Postby dgichane » Tue Sep 30, 2008 9:21 am

Hi guys i have an SCO Open server recent it started having issues during booting it was giving me the following error

during startup with the error message:

PANIC: exit cannot exec /etc/init (PID 1) status 9
Trying to dump pages
i have searched for a solution on the internet and managed to get one as the first part of the solution suggest that i should boot the system into single user mode with the boot disk the issue that am currently facing is to look get the right boot string i tried many but they have failed could anyone have assist me with one that can probably work.

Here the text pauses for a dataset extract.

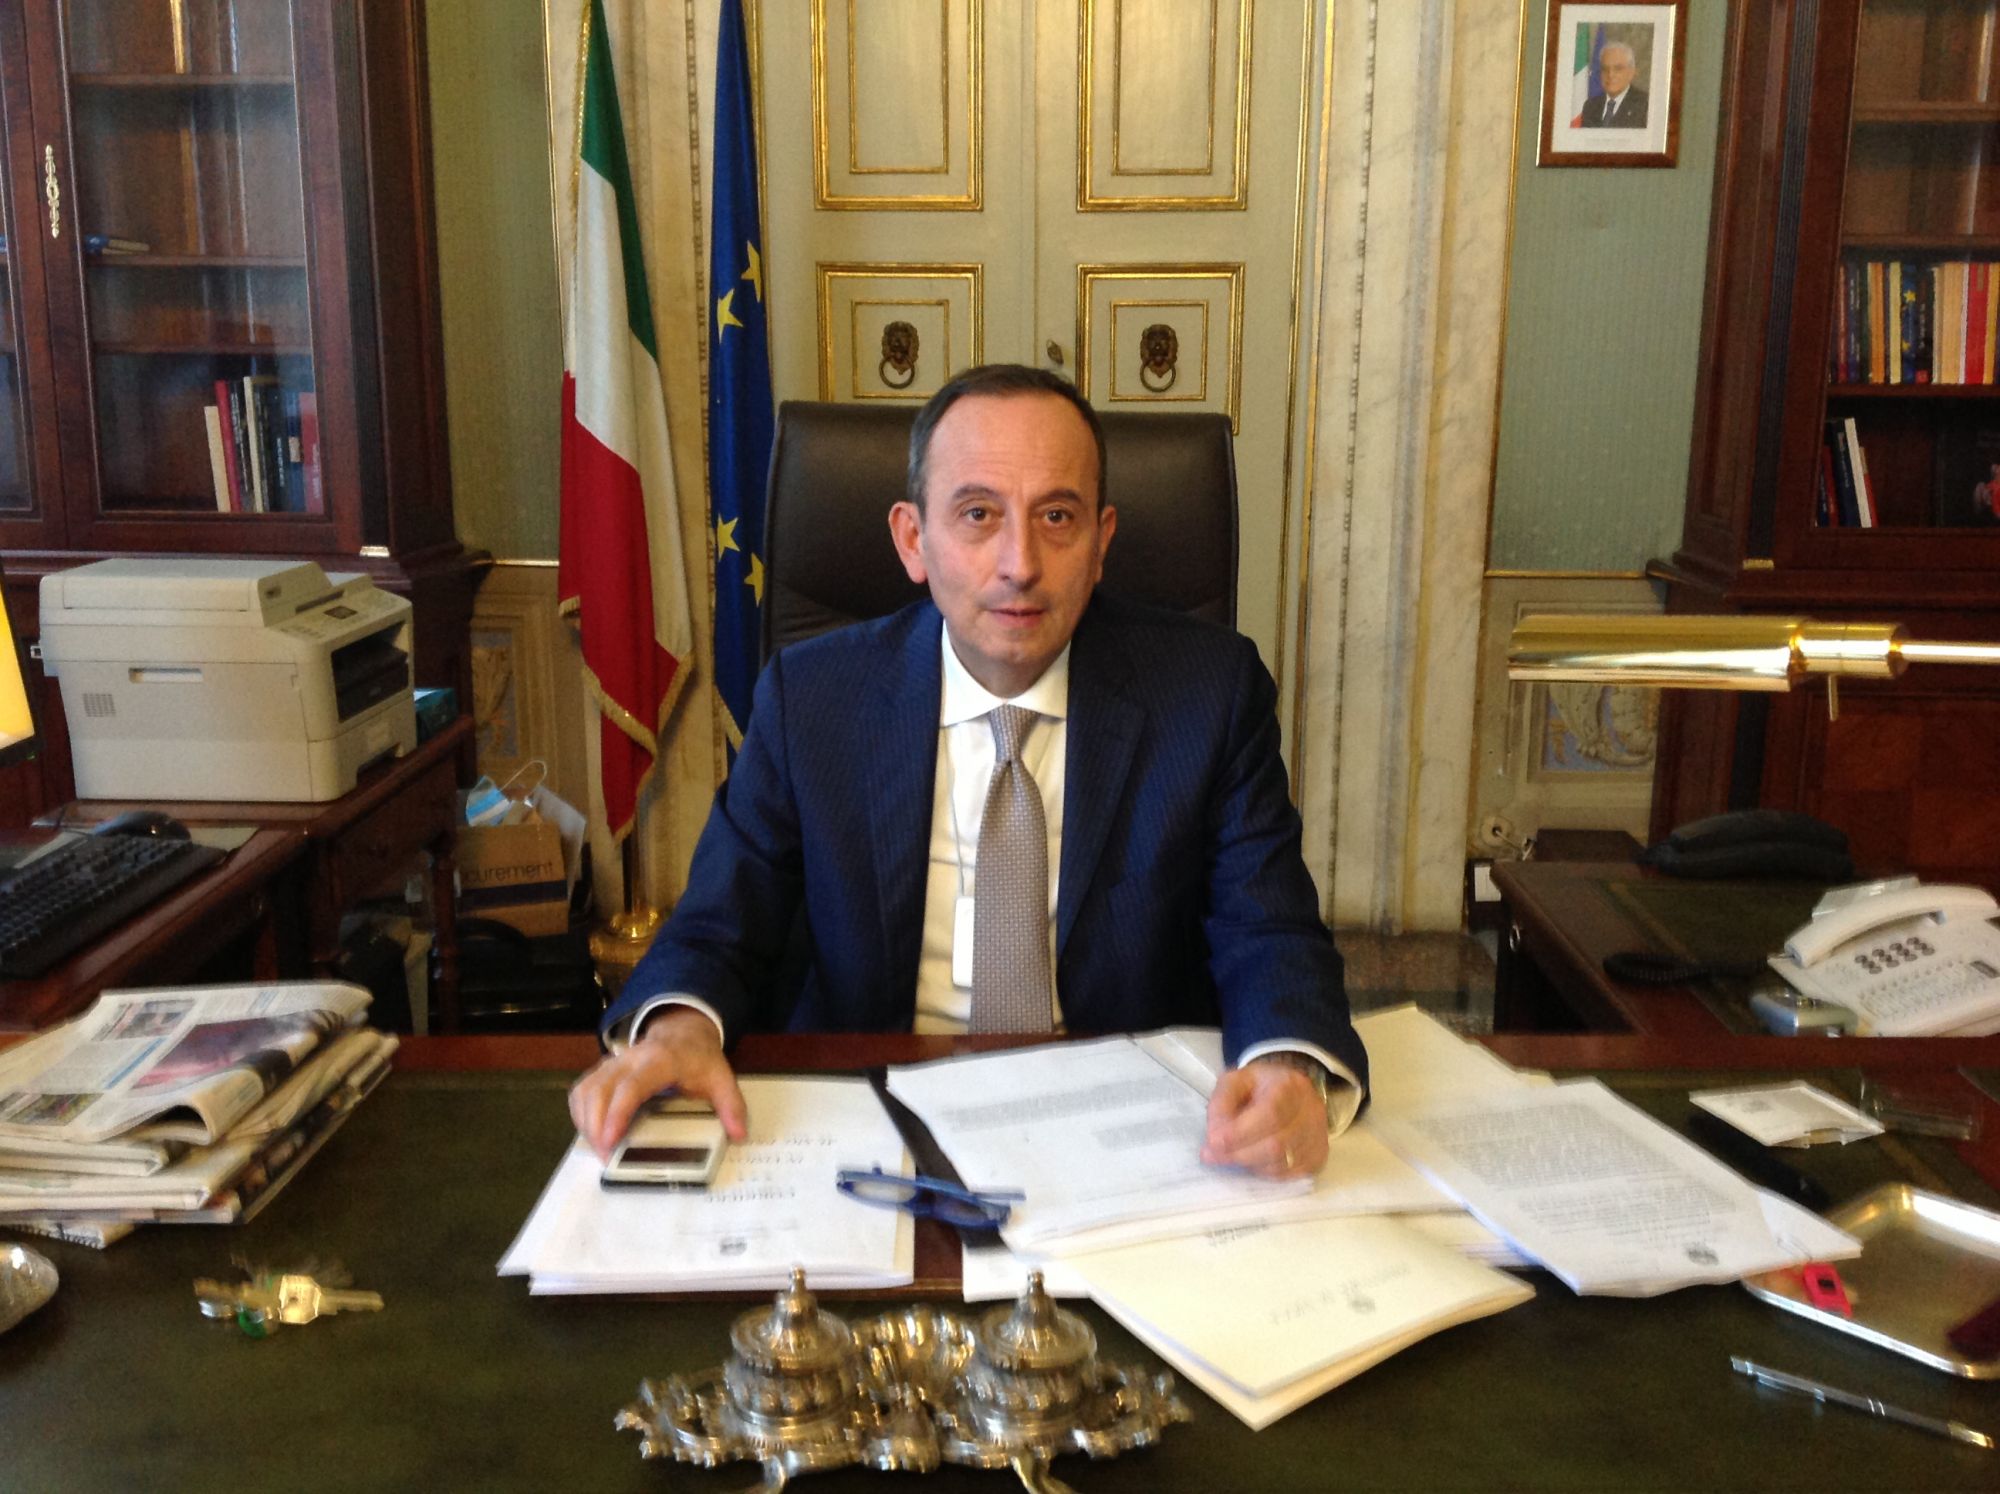 Francesco Esposito è il nuovo Prefetto di Lucca: l’insediamento oggi

Boot the machine from a set of boot/root floppies. Bring the
system into System Maintenance mode. Once at a shell prompt,
mount the hard disk root filesystem:

/etc/mount /dev/hd0root /mnt

WARNING: When copying these files it is highly recommended to make a
copy of the original file to init.orig or libc.so.1.orig before
overwriting it from the /mnt/opt/K/SCO/Unix/5.0.5Eb/... directories
so you can always go back to the original file and not the linked
file.

Examine the following items:

1. Check that the following files exist; if one or both do not,
proceed to step 2.

/mnt/usr/lib/libc.so.1
/mnt/etc/init

2. Check that both of the following files exist:

/mnt/opt/K/SCO/Unix/5.0.5Eb/usr/lib/libc.so.1
/mnt/opt/K/SCO/Unix/5.0.5Eb/etc/init

If so, create the following symbolic links:

ln -s /opt/K/SCO/Unix/5.0.5Eb/usr/lib/libc.so.1
/mnt/usr/lib/libc.so.1
ln -s /opt/K/SCO/Unix/5.0.5Eb/etc/init /mnt/etc/init

3. If one or both of the files listed in 2. above do not exist,
copy the file(s) from the root diskette and create the symbolic
link(s) as above;

cd /mnt/opt/K/SCO/Unix/5.0.5Eb/usr/lib
cp /usr/lib/libc.so.1 .
ln -s /opt/K/SCO/Unix/5.0.5Eb/usr/lib/libc.so.1
/mnt/usr/lib/libc.so.1

cd /mnt/opt/K/SCO/Unix/5.0.5Eb/etc
cp /etc/init .
ln -s /opt/K/SCO/Unix/5.0.5Eb/etc/init /mnt/etc/init

4. Check that the hard link of the files /mnt/usr/lib/libc.so.1
and /mnt/usr/lib/ld.so.1 exists; if not, create the link:

cd /mnt/usr/lib
ln libc.so.1 ld.so.1

5. Check that both /mnt/usr/lib/libc.so.1 and /mnt/etc/init are
executable and owned by bin; if not, make the necessary changes:

cd /mnt/usr/lib
chmod 555 libc.so.1
chown 2:2 libc.so.1

cd /mnt/etc
chmod 100 init
chown 2:2 init

6. Unmount the hard disk and reboot. If this does not resolve
the issue, some other unforeseen corruption might be the cause,
and it is possible that running fsck(ADM) on the root filesystem
will resolve the problem. After rebooting into single user mode,
run the fsck utility as follows:

fsck -ofull /dev/root

Reboot the system again to find out if the issue is finally resolved.